Эмерсон считал, что язык есть окаменевшая поэзия; чтобы оценить его мысль, достаточно вспомнить, что все отвлеченные слова – на самом деле метафоры, включая слово «метафора», по-гречески означавшее «перенос». Для тринадцатого века, исповедовавшего культ Писания, иначе говоря – совокупности слов, одобренных и отобранных Святым Духом, подобная мысль невозможна. Разносторонне одаренный человек, Раймунд Луллий наделил Бога несколькими атрибутами (благостью, величием, вечностью, всемогуществом, премудростью, волей, праведностью, славой) и изобрел своеобразную логическую машину, состоявшую из деревянных концентрических дисков, которые покрыты символами божественных атрибутов и при вращении их исследователем порождают трудноопределимое, почти бесчисленное количество понятий богословского порядка. Точно так же он поступил со способностями души и свойствами предметного мира. Как и следовало предположить, из всей этой затеи ничего не вышло.
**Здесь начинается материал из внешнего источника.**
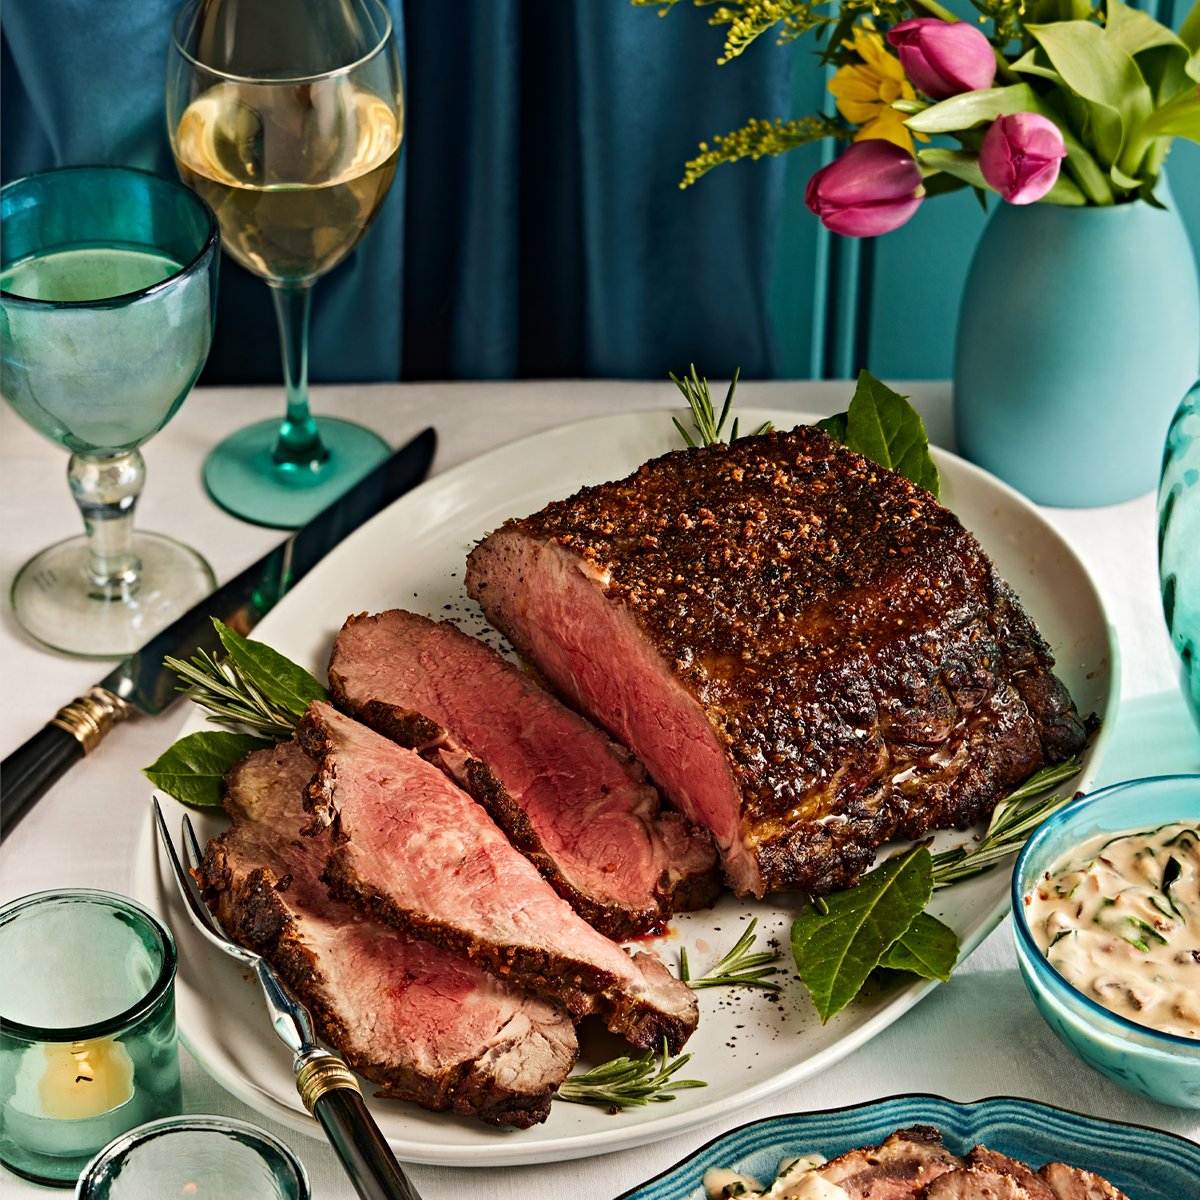 ‘Meat’ the star of your Easter feast! This Roast Striploin with Creamed Mushrooms & Spinach recipe will dazzle your taste buds and steal the show at your table. And right now, just in time for Easter, this top seller is 30% off! Try the recipe here: longos.com/recipes/roast-…

Через несколько веков Джонатан Свифт высмеял ее в третьей части «Путешествий Гулливера»; Лейбниц ее оценил, но от создания машины, разумеется, воздержался.
Напророченная Фрэнсисом Бэконом экспериментальная наука привела сегодня к возникновению кибернетики, позволившей человеку ступить на Луну и создавшей компьютеры, которые, если будет позволено так выразиться, представляют собой позднее потомство горделивых кругов Луллия.
Словарь рифм, заметил Маутнер, это еще одна разновидность логической машины.
La jonction[15]
Тут сходятся две реки: прославленная Рона и почти неизвестный Арв. Мифология – не пустая выдумка словарей, а неистребимое обыкновение души. И две сливающиеся реки – это, в некотором смысле, два древних слившихся в объятии божества. Это, должно быть, чувствовал Лаварден, принимаясь за свою оду, но между тем, что́ он чувствовал, и тем, что́ увидел, встала риторика, которая превратила широкую глинистую реку в перламутры и жемчуга. Как бы там ни было, все относящееся к воде сродни поэзии и не перестает нас волновать. Море, вклинившееся в сушу, это fjord или firth – имена, которые рождают бесконечное эхо; реки, впадающие в море, вызвали к жизни великую метафору Манрике.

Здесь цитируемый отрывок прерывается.